Sweet! I like the L316 - Rio Jari Zebra Pleco.


----------



## Judazzz (Jan 13, 2003)

Death in # said:


> do u think they have lived for such a long time cause u dont feed live and lots of hiding places
> [snapback]837412[/snapback]​


I do feed my manny live foods (there are always a couple of tetra's for him in his tank), but my reds haven't had live food for a year now, so maybe it does play a role in their case. But they ignored their bottomdwelling tank mates even when they still got live food.

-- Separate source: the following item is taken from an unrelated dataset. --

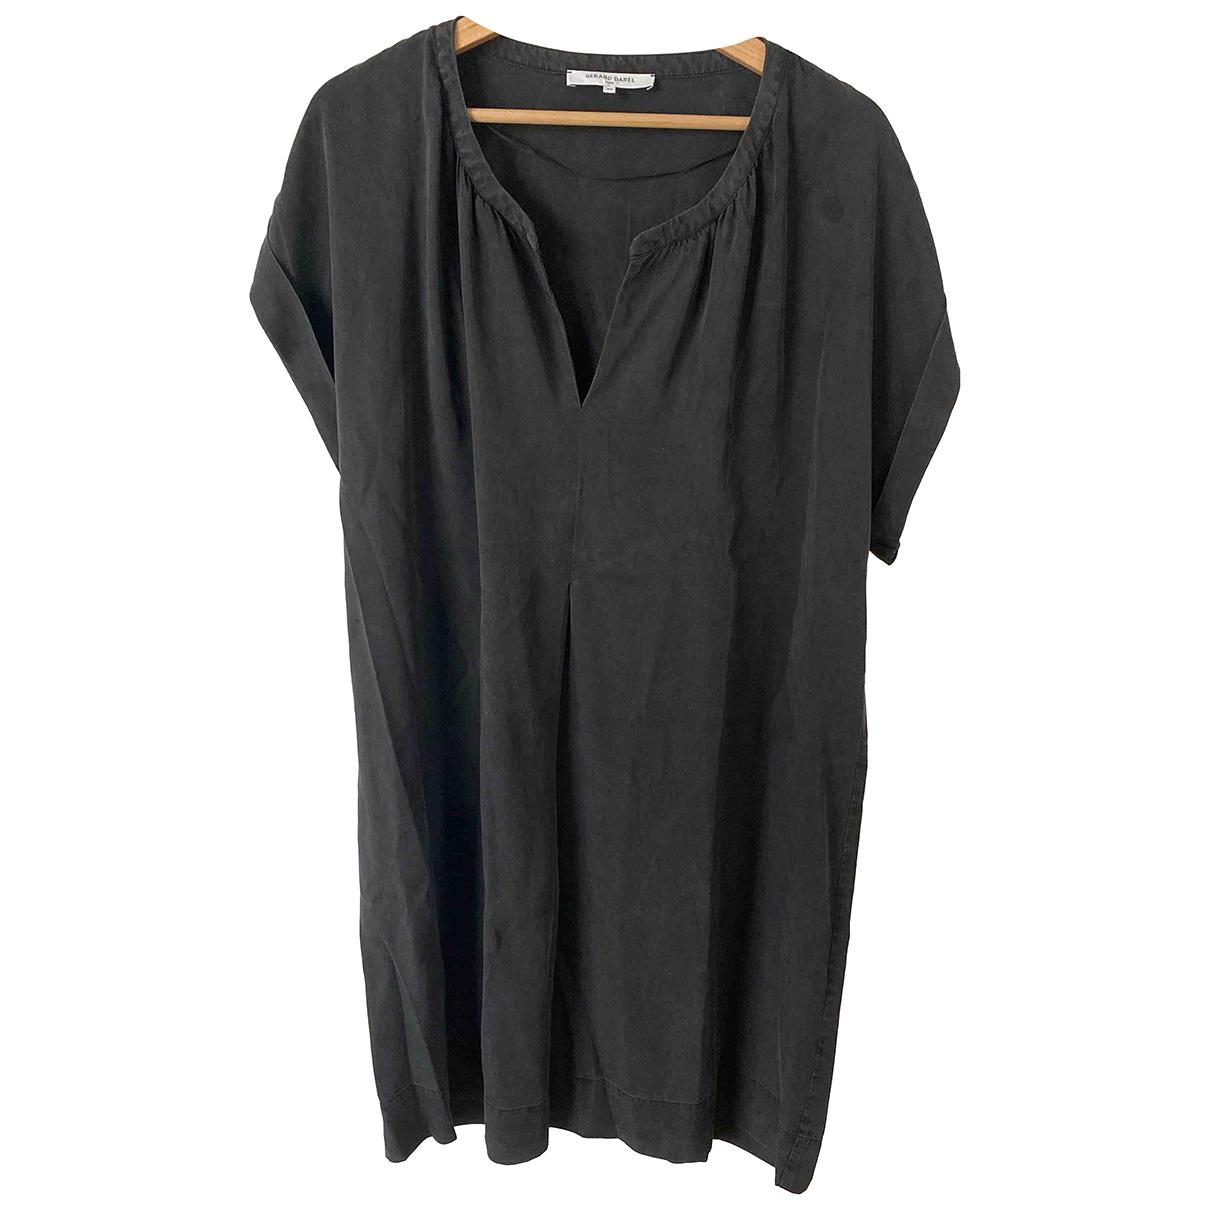 Gerard Darel N Anthracite Cotton dress for Women 46 FR

To be honest, I have no clue why I manage to pull this off, and continue to do so. I have lots of decor and hiding places, so I'm pretty sure that plays a role. But most pleco's are quite active, and do venture out into the open from time to time. I've seen my piranha's charge at them pretty often, but somehow they never make a kill, and always hold back - maybe the pleco's colors keep them at bay (warning colors)? Maybe they just want to make a point, not a kill?
I don't feed my piranha's that often, and they seem always hungry (especially my reds), so why they don't go for some easy snacks is beyond me...
But hey, I'm not complaining









Gordeez: that's a bummer...








But on the bright side, it's always good to have things to look forward to









Thanks again for your kind words, people


----------



## Red Eyes (Nov 25, 2003)

That is an awesome collection of plecos you have Jonas!


----------



## Jewelz (Feb 24, 2004)

outstanding...


----------



## Killduv (Jun 1, 2004)

Hey those are really nice. Clown Pleco's those are some hard working cats!


----------



## WolfFish (Jun 30, 2004)

i'd love to get a collection of plecos, i have seen many i like, then i ee the price and get something else.


----------



## Judazzz (Jan 13, 2003)

WolfFish said:


> i'd love to get a collection of plecos, i have seen many i like, then i ee the price and get something else.
> [snapback]838880[/snapback]​


Yeah, they're pricey (especially considering they're pretty damn secretive on average), but I don't know - I guess I just got a soft spot for these slithery suckers...









Thank you for your kind words, y'all...


----------